───── DATASET EXCERPT

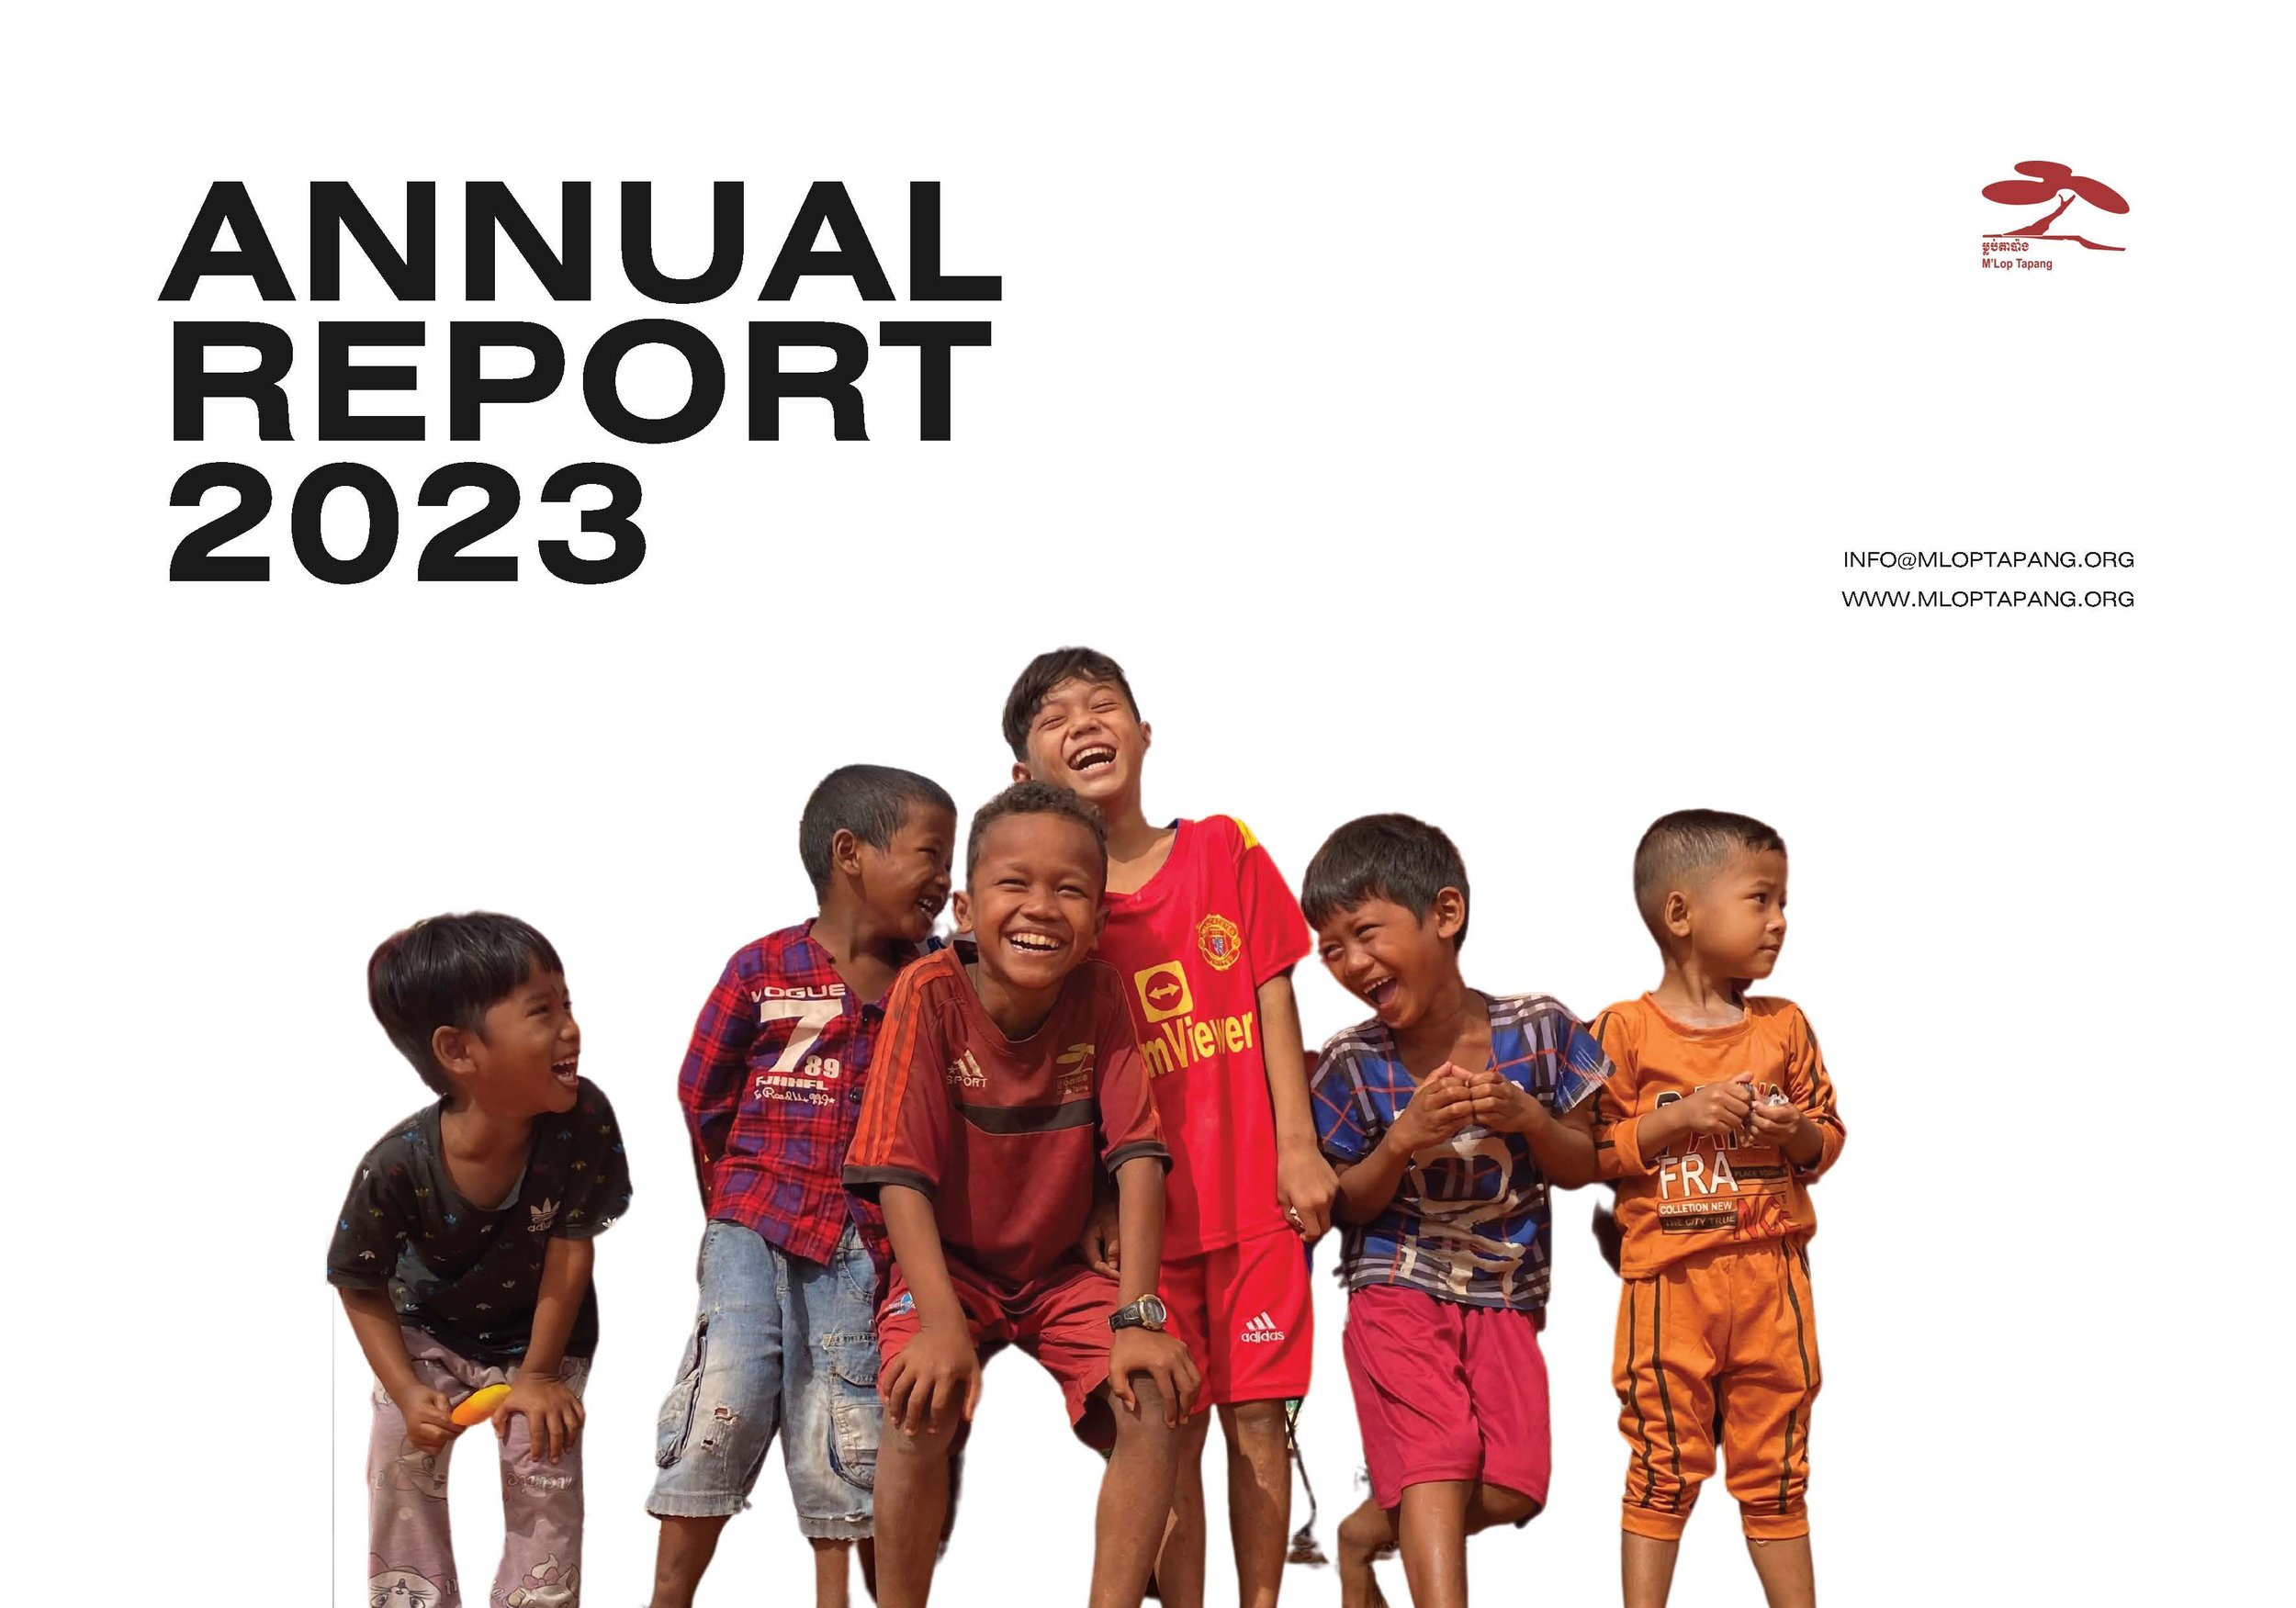 M'Lop Tapang 2023 Annual Report_Page_01.jpg
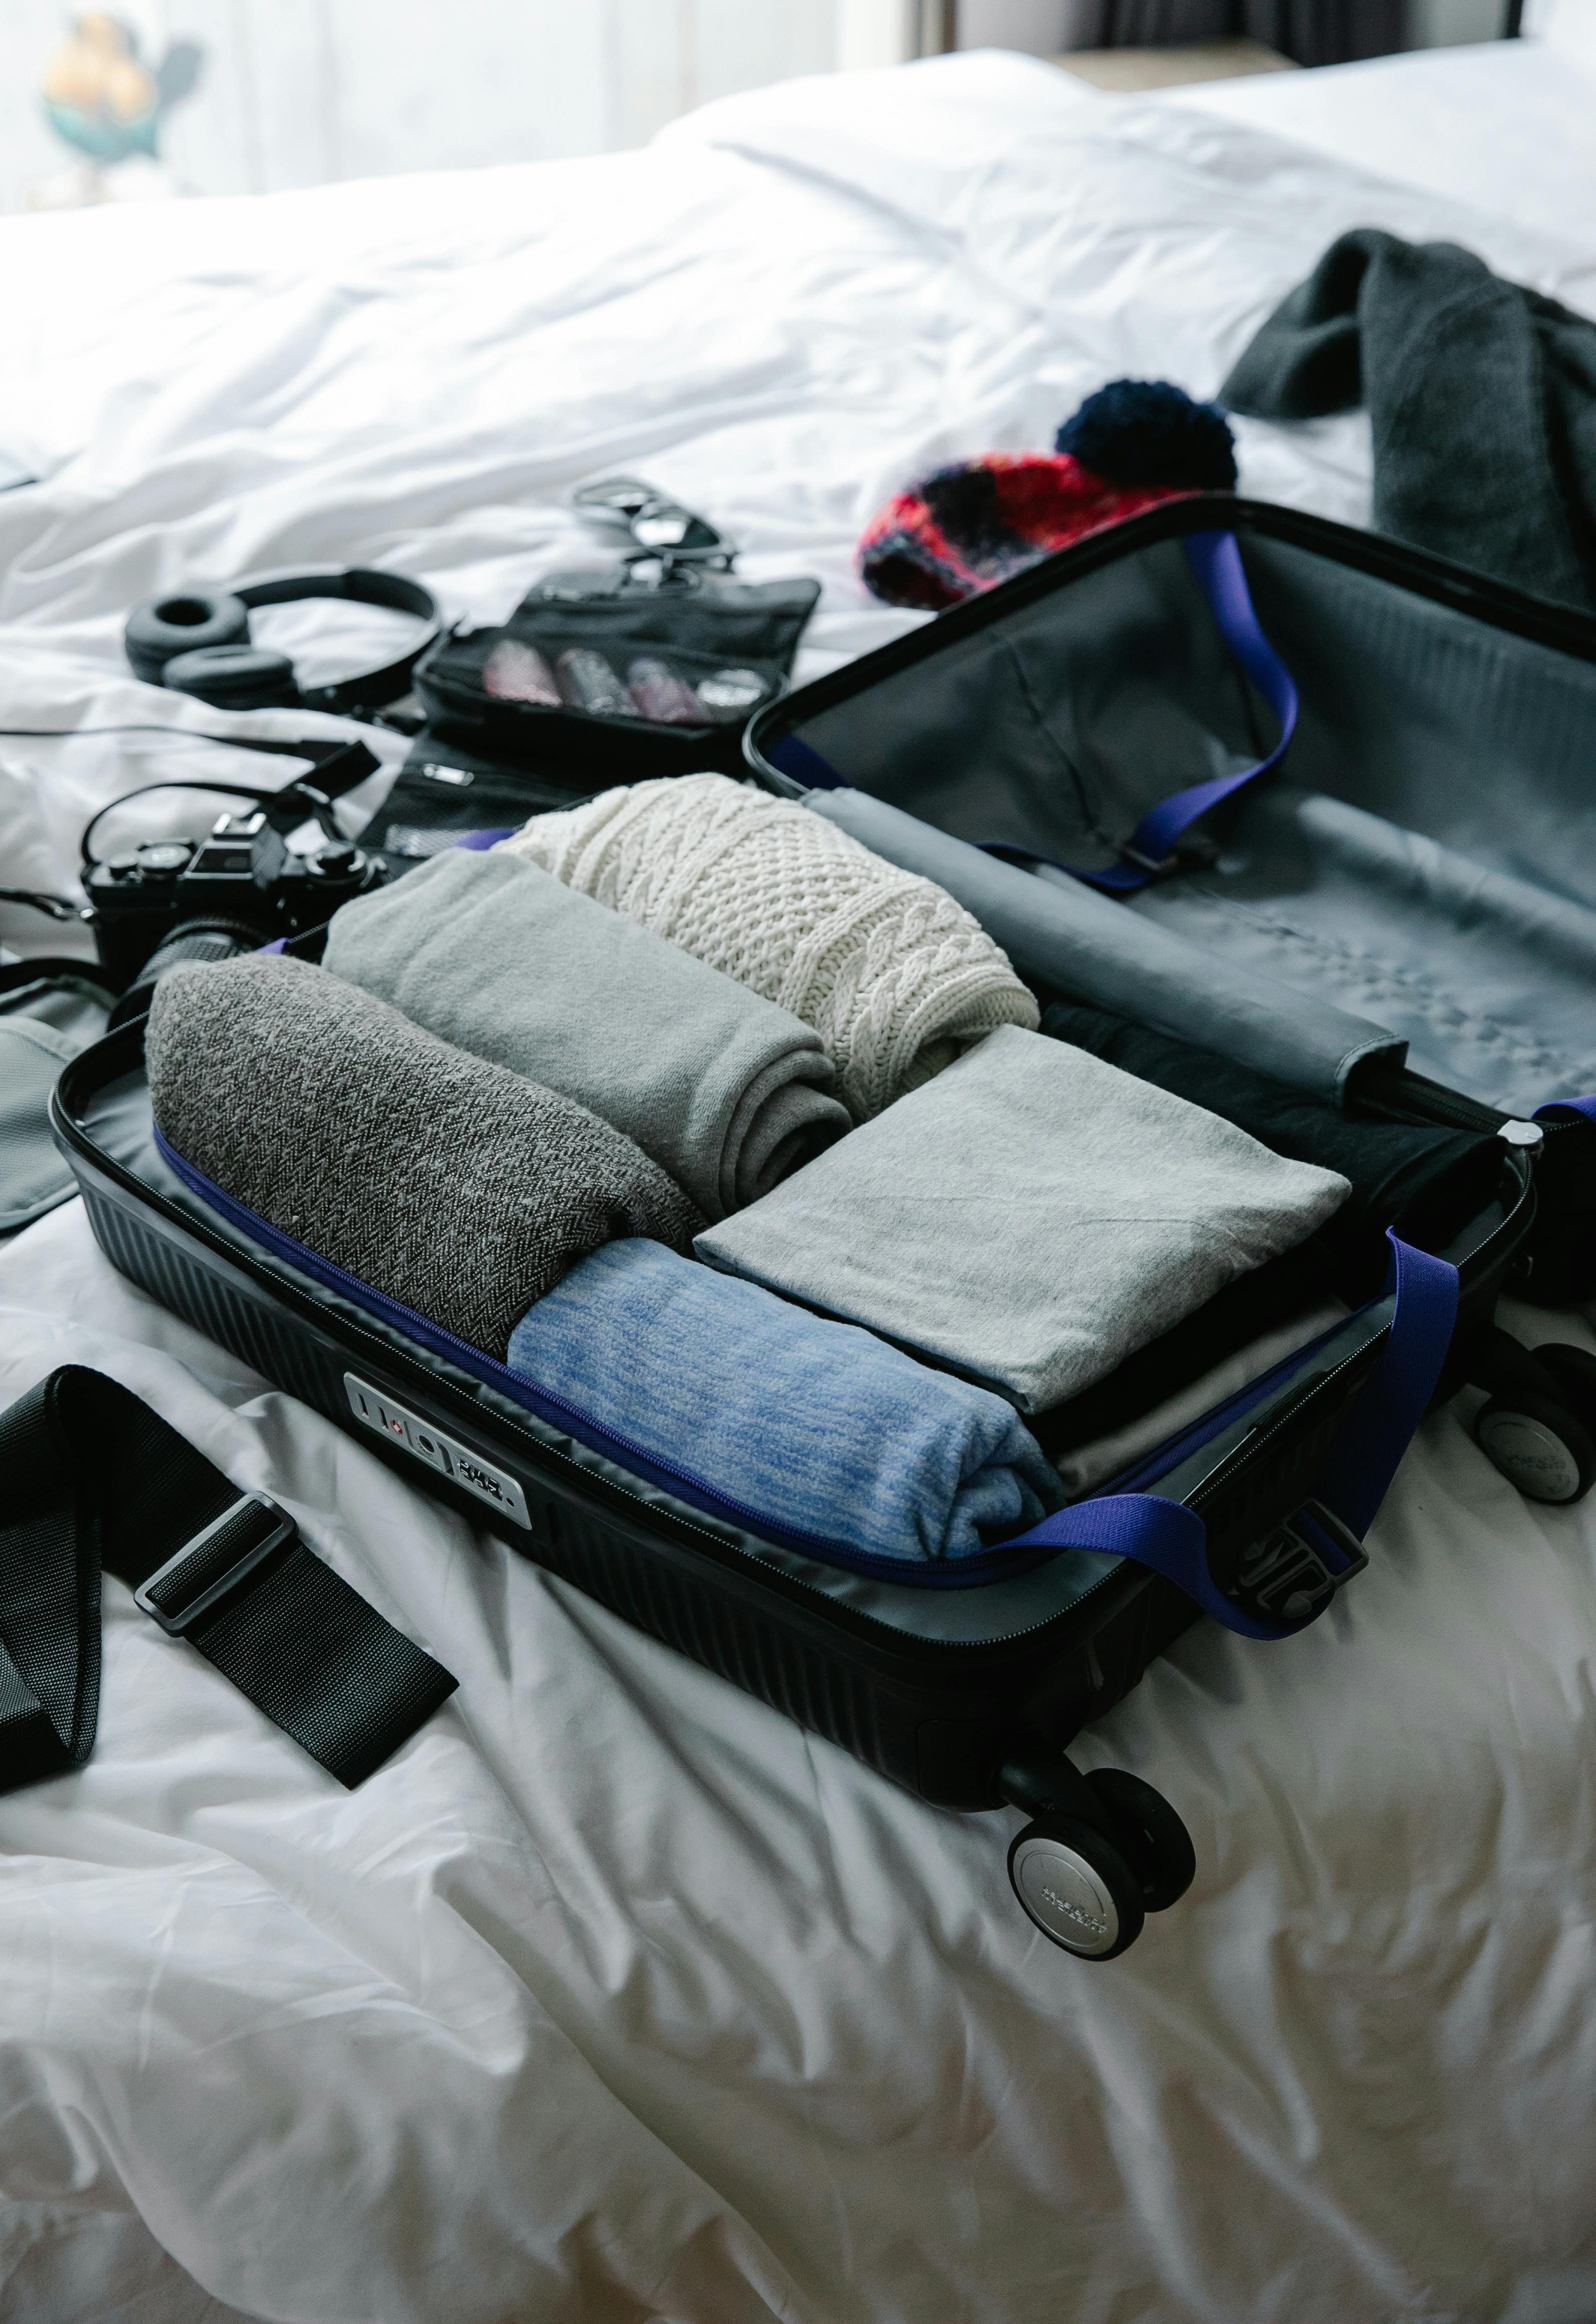 A suitcase with clothes | Source: Pexels
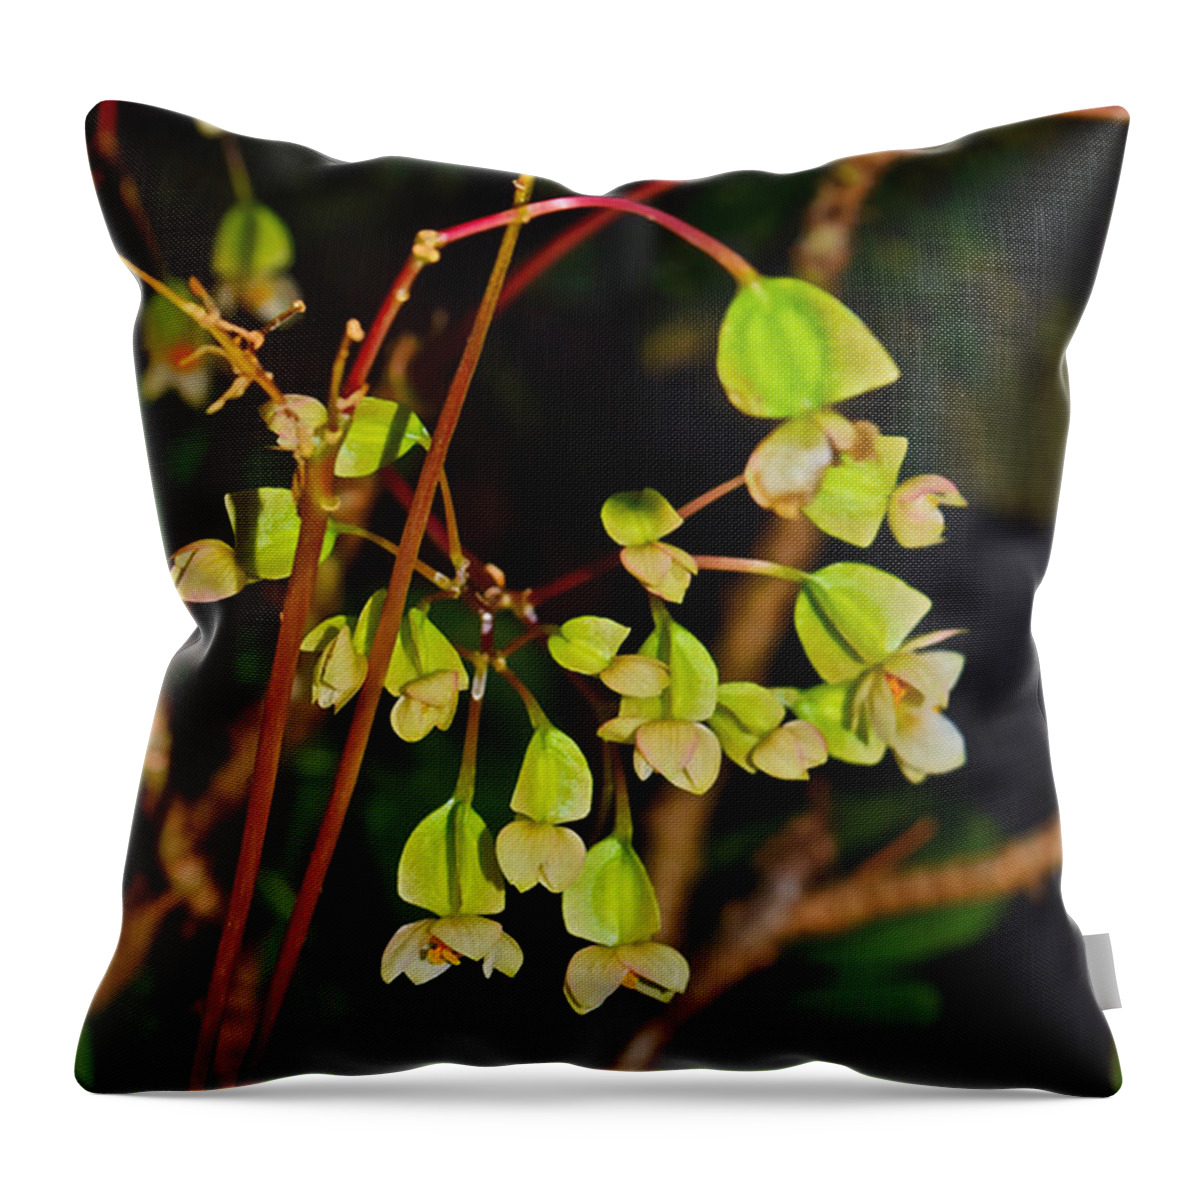 Begonia Throw Pillow featuring the photograph Conservatory Begonia by Janis Senungetuk

──────────

| EXERCISE GOAL |
Here the job is to quote the lines from the one with "A suitcase with clothes | Source: Pexels" through the end of the material, both included, exactly; please skip the pictures.

| SOLUTION TO THE EXERCISE |
 A suitcase with clothes | Source: Pexels
 Begonia Throw Pillow featuring the photograph Conservatory Begonia by Janis Senungetuk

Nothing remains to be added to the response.